The N+1 Problem in 30 Seconds
Given this query against a Relay-style connection:
query {
feed(first: 20) {
edges {
node {
id
content
author { id name }
comments { id content }
}
}
pageInfo { hasNextPage endCursor }
}
}
A naive implementation:
feedresolver →SELECT ... FROM posts ORDER BY created_at DESC LIMIT 20(1 query)- For each post,
authorfield →SELECT ... FROM users WHERE id = ?(20 queries) - For each post,
commentsfield →SELECT ... FROM comments WHERE post_id = ?(20 queries)
Total: 41 queries for 20 rows. The client requested one logical thing; the database paid for forty-one.
(The Relay edges/node envelope is just pagination metadata — the N+1 lives in the field resolvers under node, identical to a flat [Post] return.)
The fix isn’t “use joins” — GraphQL field resolvers run independently and can’t see siblings. The fix is to collect all .load(id) calls in the same tick of the event loop, hit the DB once, then fan results back out. That’s DataLoader.
Anatomy of DataLoader
DataLoader (Facebook OSS, ~2 KB) is a small class with two jobs:
- Batching —
loader.load(1),loader.load(2),loader.load(3)called synchronously resolve to a singlebatchFn([1, 2, 3])call. - Caching — within the same loader instance, repeated
.load(sameId)returns the cached promise.
import DataLoader from 'dataloader'
const userLoader = new DataLoader<string, User>(async (ids) => {
const rows = await prisma.user.findMany({ where: { id: { in: [...ids] } } })
// CRITICAL: result must be in the same order as input ids
const byId = new Map(rows.map((r) => [r.id, r]))
return ids.map((id) => byId.get(id) ?? null)
})
await Promise.all([userLoader.load('1'), userLoader.load('2'), userLoader.load('1')])
// → 1 SQL query, 'user-1' returned twice from cache
Two non-obvious rules of batchFn:
- Output array length must equal input array length.
- Output order must match input order (or you return
null/Errorper missing key).
Get either wrong and DataLoader silently mismatches users to posts. Always go through a Map keyed by id.
Per-Request Lifecycle (and Why It Matters)
A DataLoader instance is a request-scoped cache. Reuse one across requests and:
- Stale data leaks between users.
- Authorization-sensitive fields (
isFollowing,canEdit) compute against the wrong viewer. - Memory grows unbounded.
Therefore: build loaders inside the GraphQL context factory, throw them away when the response is sent.

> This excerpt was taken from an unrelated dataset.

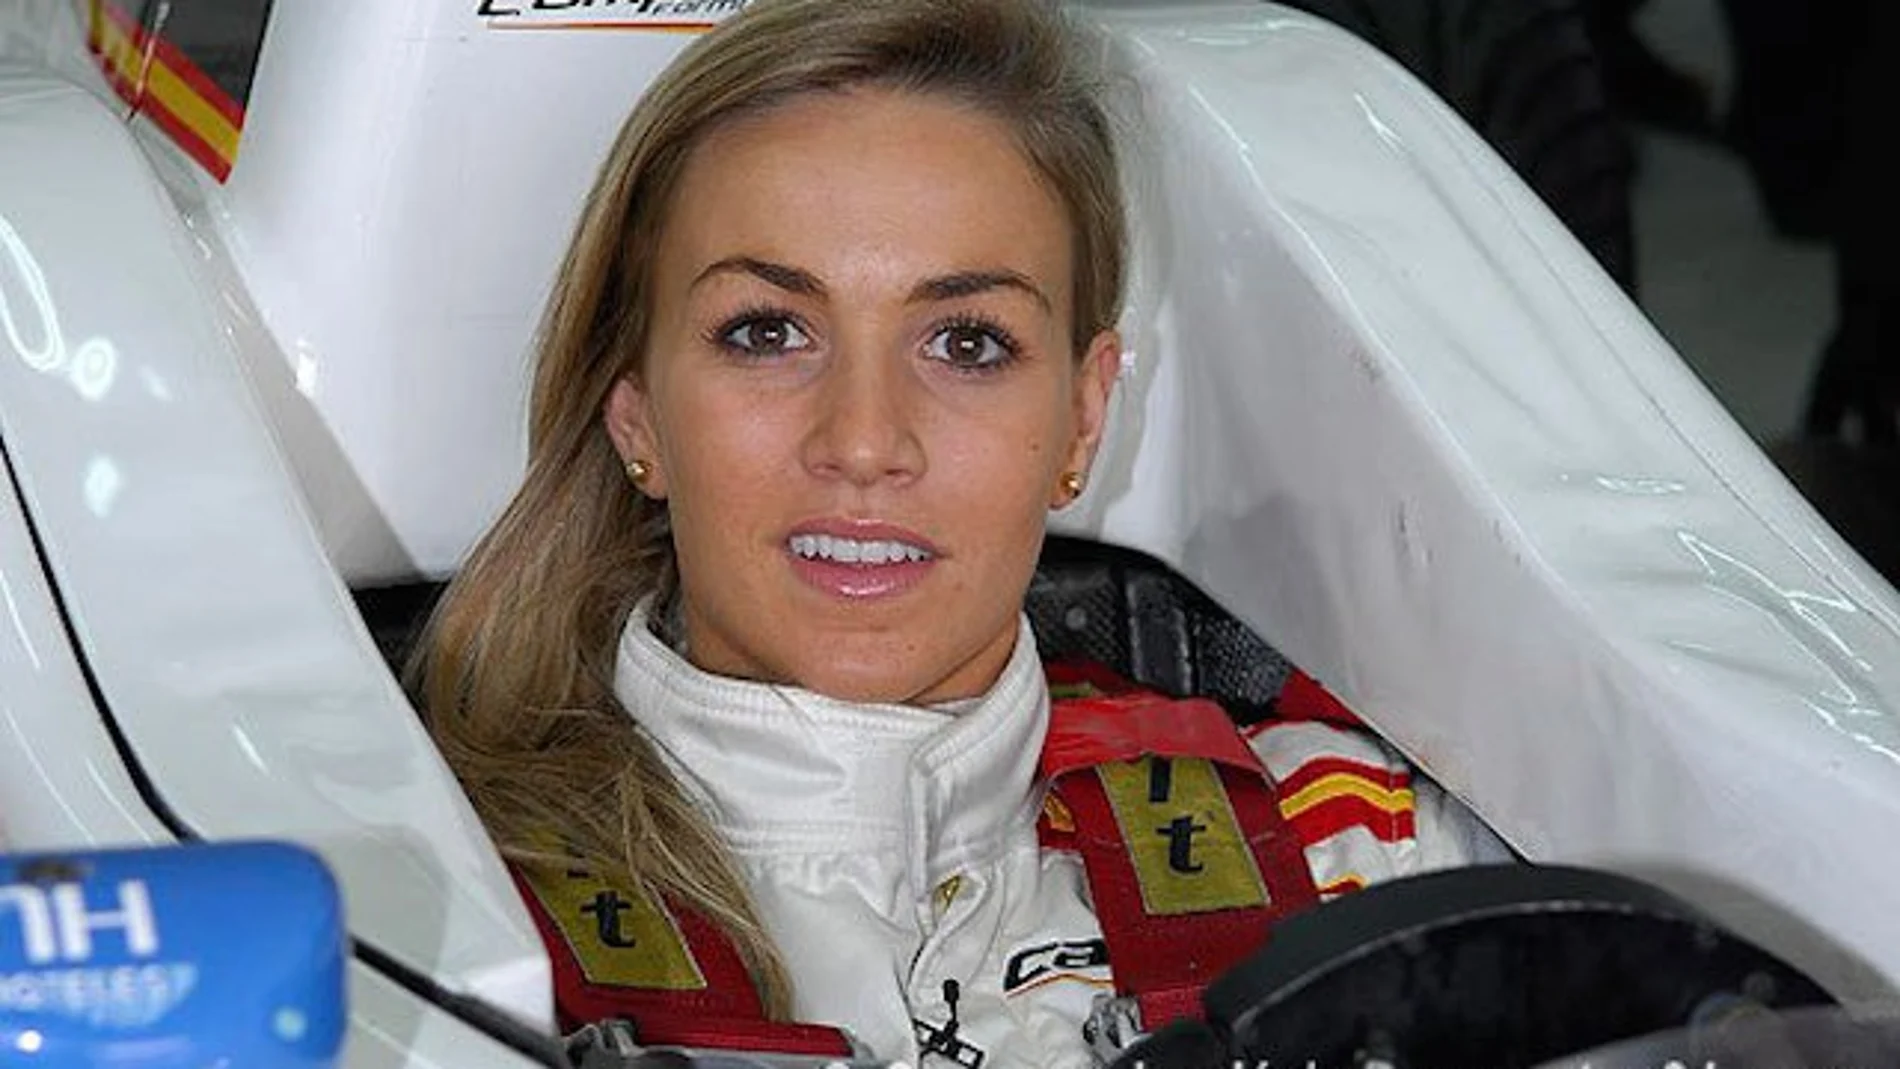 La española Carmen Jordá, junto a Susie Wolff, son pilotos de desarrollo, pero no compiten
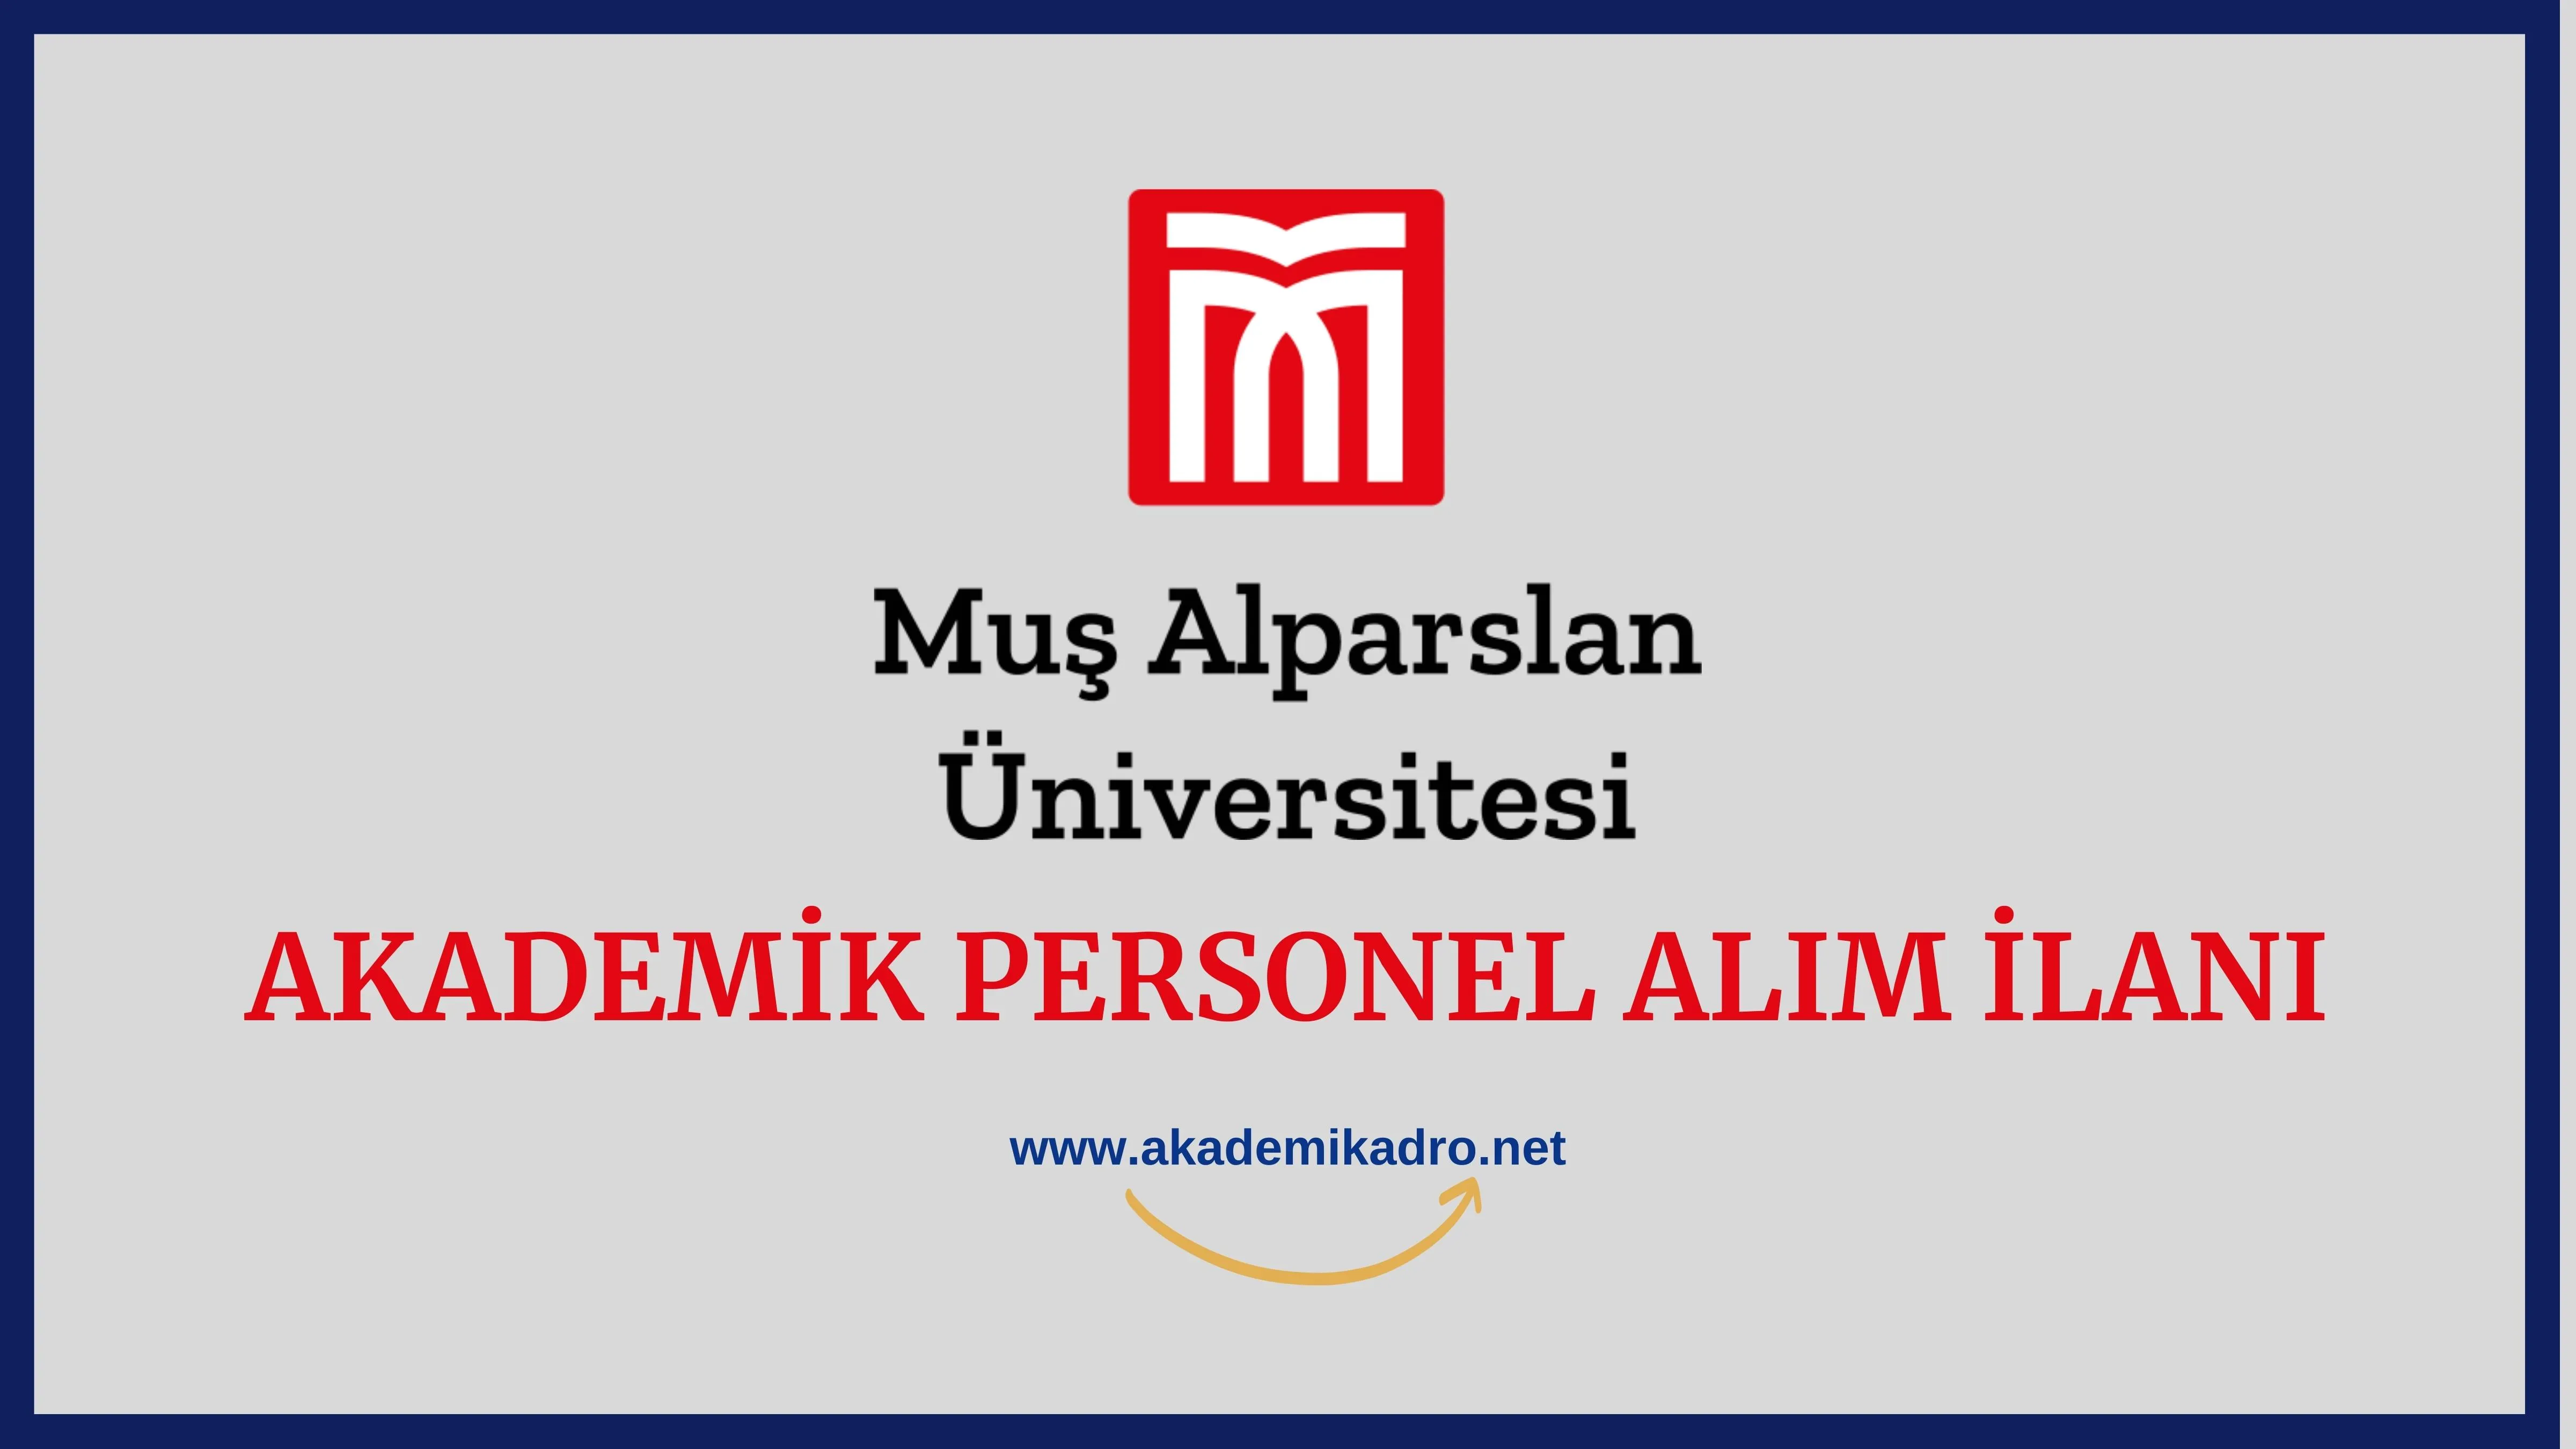 Muş Alparslan Üniversitesi birçok alandan 26 Öğretim üyesi alacak.

Wiring It in NestJS + Apollo
1. The Loader Factory
Loaders depend on repositories, which are NestJS providers. Wrap them in an injectable service that exposes a createLoaders() method per request:
// src/graphql/dataloader/dataloader.service.ts
import { Comment, ICommentRepository } from '@modules/comment'
import { IFollowRepository } from '@modules/follow'
import { IUserRepository, User } from '@modules/user'
import { Injectable } from '@nestjs/common'
import DataLoader from 'dataloader'
export interface RequestLoaders {
userById: DataLoader<string, User | null>
commentsByPost: DataLoader<string, Comment[]>
followersCountByUser: DataLoader<string, number>
isFollowingByUser: DataLoader<string, boolean>
}
@Injectable()
export class DataLoaderService {
constructor(
private readonly users: IUserRepository,
private readonly comments: ICommentRepository,
private readonly follows: IFollowRepository,
) {}
createLoaders(viewerId?: string): RequestLoaders {
return {
userById: new DataLoader(async (ids) => {
const all = await this.users.findByIds([...ids])
const byId = new Map(all.map((u) => [u.id, u]))
return ids.map((id) => byId.get(id) ?? null)
}),
commentsByPost: new DataLoader(async (postIds) => {
const all = await this.comments.findByPostIds([...postIds])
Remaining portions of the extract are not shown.